Failure to do so can result in breakdowns or fines. These checks won’t take you long, so let’s get going!

7 Checks Before Driving for the First Time in a While

Yellow car with magnifying glass


Fuel or battery power

Call me Captain Obvious, but 1 million drivers a year break down because of an empty tank or battery.

Don’t be one of those people — if you’re running low on fuel, make sure your first trip is to the petrol station!

Going under the bonnet

Time to get dirty (wear some gloves if you’re freshly manicured) and get under the bonnet.

There are a couple of things to check here. So if you’re not feeling confident, then it’s advisable to ask someone who knows their way around an engine.

White car with an open bonnet
Image source: Nathan Van Egmond (via Unsplash)

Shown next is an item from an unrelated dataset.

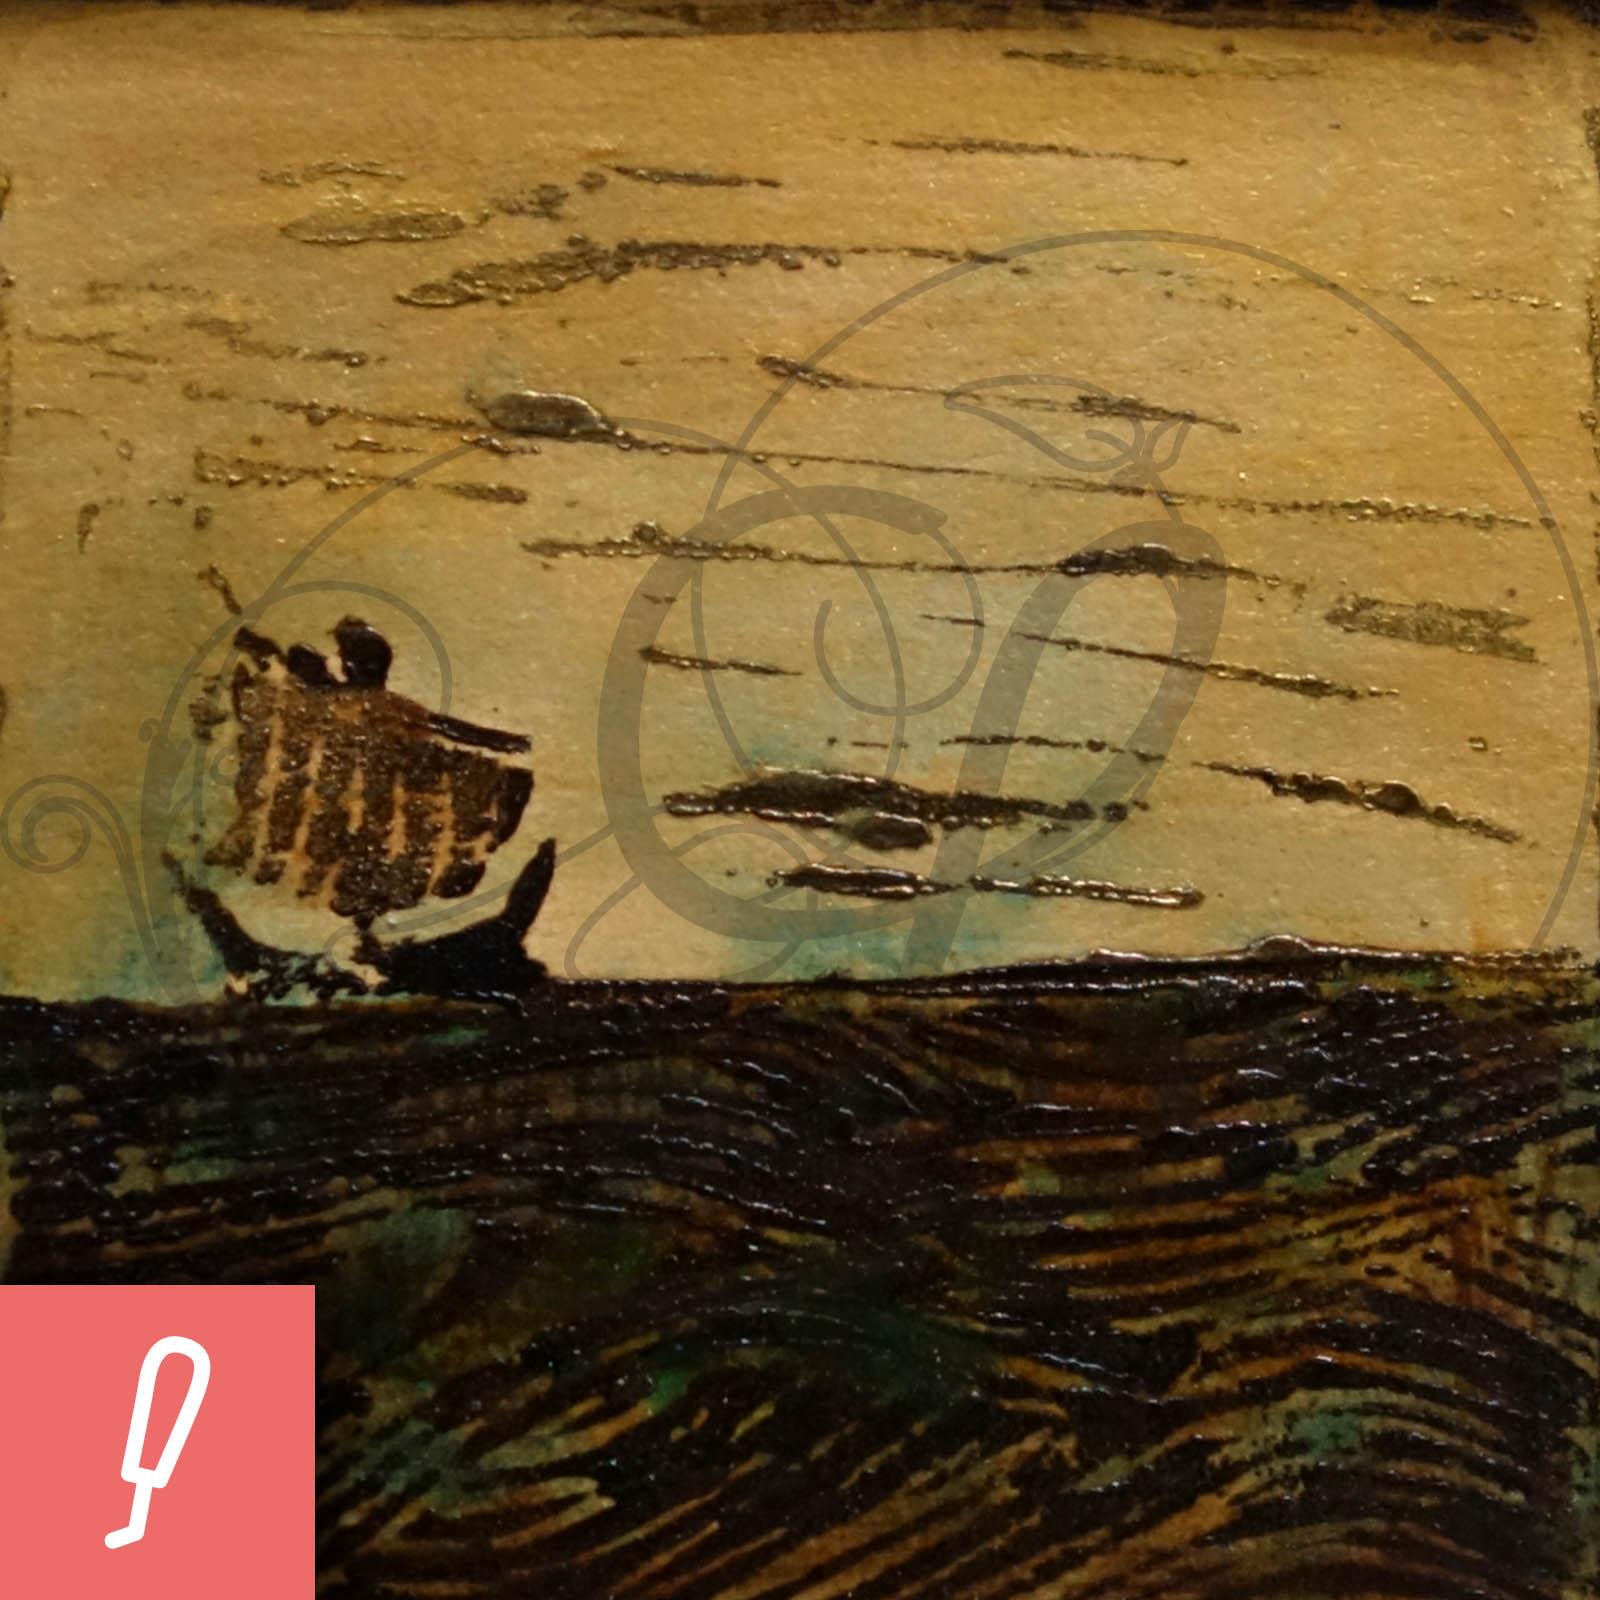 kadeg-gravure-126-01

Car maintenance can be inconvenient and expensive, Fixter can help remove the hassle. They collect, fix and deliver. Whenever. Wherever. MOT, Service and Car Repair without leaving your sofa!

Engine oil

It’s best to check your engine oil level while your car is warm and on a flat surface. If your engine has been running, then be careful not to touch any hot parts so as not to burn yourself! Again, if you’re not confident, ask someone who is.

On the engine, you’ll notice a cap with either ‘Engine Oil’ written on it, an icon of an oil can (it looks a bit like a watering can), or both. Twist the cap open, remove the dipstick and wipe it clean. Push the dipstick back in and remove it to check how far up the stick the oil level goes.

The oil level should be between the two marks/bumps on the dipstick. If it’s low, top it up and repeat the test so you’re sure you’ve added enough.

Once you’re happy with the oil level, pop the dipstick all the way back in and screw the cap on tight.

Engine coolant 

Important: Never check your coolant water levels while your engine is running or hot because doing so can give you nasty burns.

When the engine is cool, open the ‘Engine Coolant’ cap. It usually has a yellow caution label on it, so pay attention to that caution!

Once opened, check that the coolant is within 25mm of the top of the filler neck. If it needs a top-up, then add a mixture of clean, cool water and antifreeze. Sometimes these come pre-mixed, so you won’t need to worry about mixing your own.


Screenwash, or windscreen washer, is usually found in a plastic reservoir near the engine. Fill the reservoir with clean water and, if you prefer, dedicated windscreen detergent. Windscreen detergent is handy in icy conditions, as it helps to melt the ice from your windshield.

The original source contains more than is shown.